R-Squared: 0.9724255942546174
Root Mean Square Error: 1.3882968523303036


In [None]:
# try with a randomized grid search to see if scores can improve
random_grid = RandomizedSearchCV(RandomForestRegressor(), param_grid, n_iter=100)

In [37]:
# fit random forest regressor
random_grid.fit(Xtrain, ytrain)

In [39]:
# find best parameters
random_grid.best_params_

{'n_estimators': 1000,
 'min_samples_split': 2,
 'min_samples_leaf': 1,
 'max_features': 'sqrt',
 'max_depth': 50,
 'bootstrap': False}

In [40]:
# find best random forest regressor model
best_model_randomized = random_grid.best_estimator_

# train best random forest regressor model
best_model_randomized.fit(Xtrain, ytrain)

# validate best random forest regressor model using the test data
ybest_randomized = best_model_randomized.predict(Xtest)

In [41]:
# get r2 and rmse values for best random forest regressor model 
r2_best = r2_score(ytest, ybest_randomized)
rmse_best = np.sqrt(mean_squared_error(ytest, ybest_randomized))

print(f'R-Squared: {r2_best}')
print(f'Root Mean Square Error: {rmse_best}')

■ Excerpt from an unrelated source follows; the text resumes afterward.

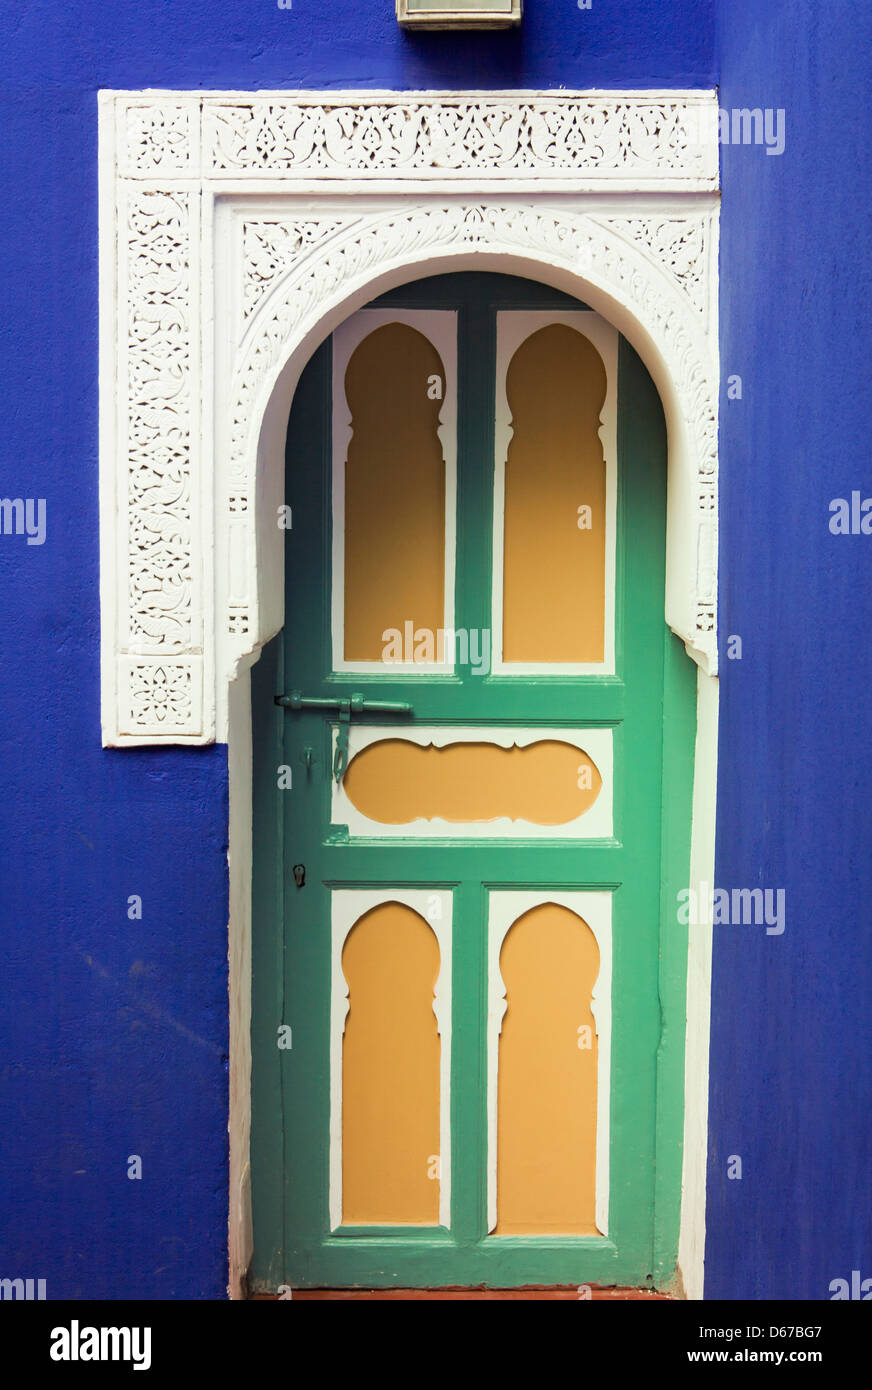 Le jardin Majorelle, le Musée d'Art Islamique, Marrakech ou Marrakech, Maroc. L'architecture typique. Banque D'Images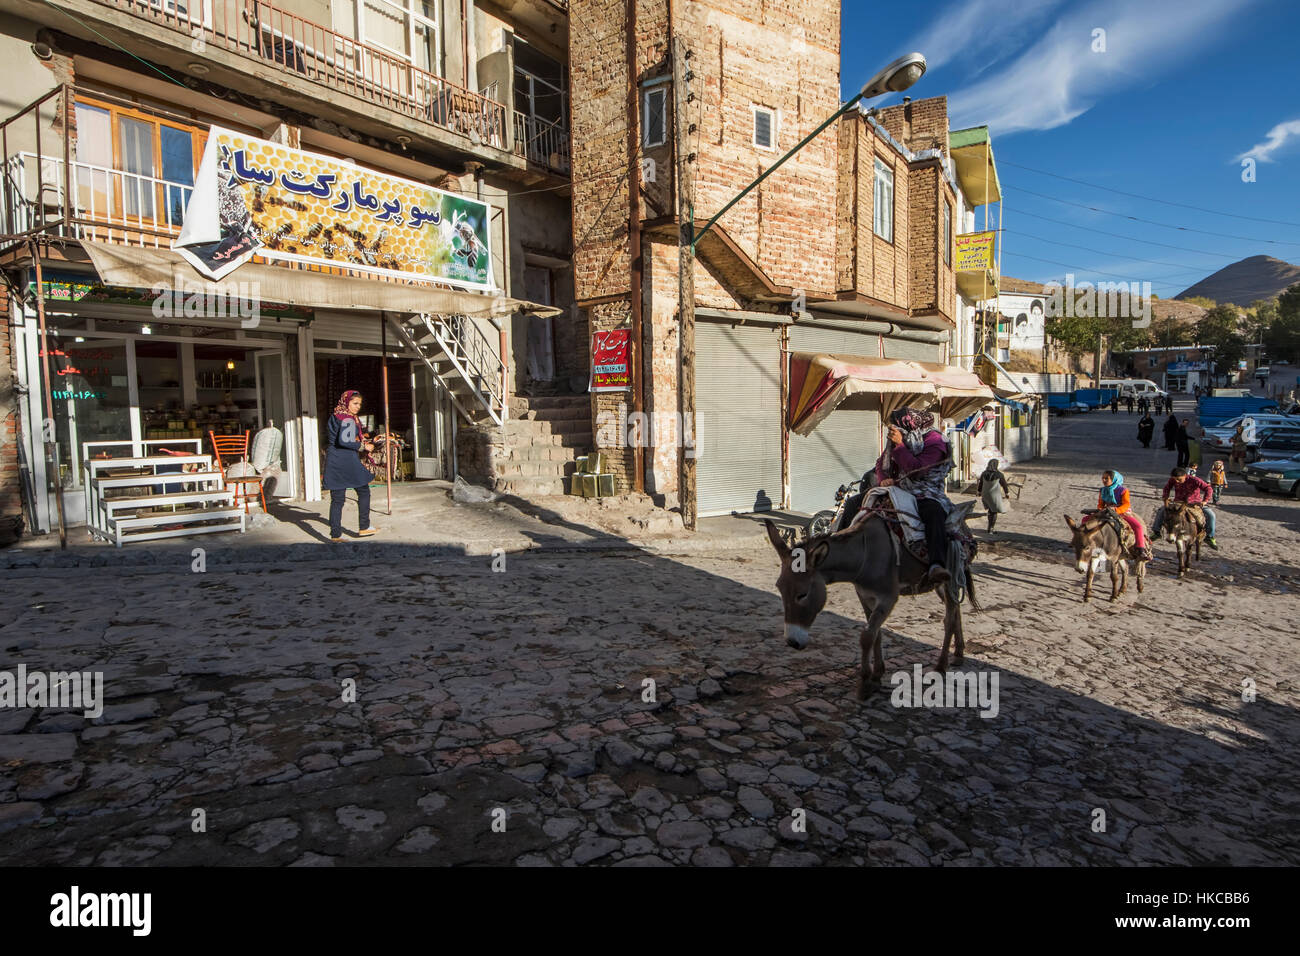 People riding on donkeys; Kandovan, East Azarbaijan, Iran Stock Photo

R-Squared: 0.9696036529519164
Root Mean Square Error: 1.457605355505851


Interestingly, the random forest regressor model (both with the traditional grid search and the randomized grid search) did worse based on the r-squared and root mean square error scores when compared to the multiple linear regression and the polynomial models. The randomized search also proved to be less accurate than the regular grid search. However, the random forest regressor model still significantly outperformed the baseline model for predicting rainfall rate.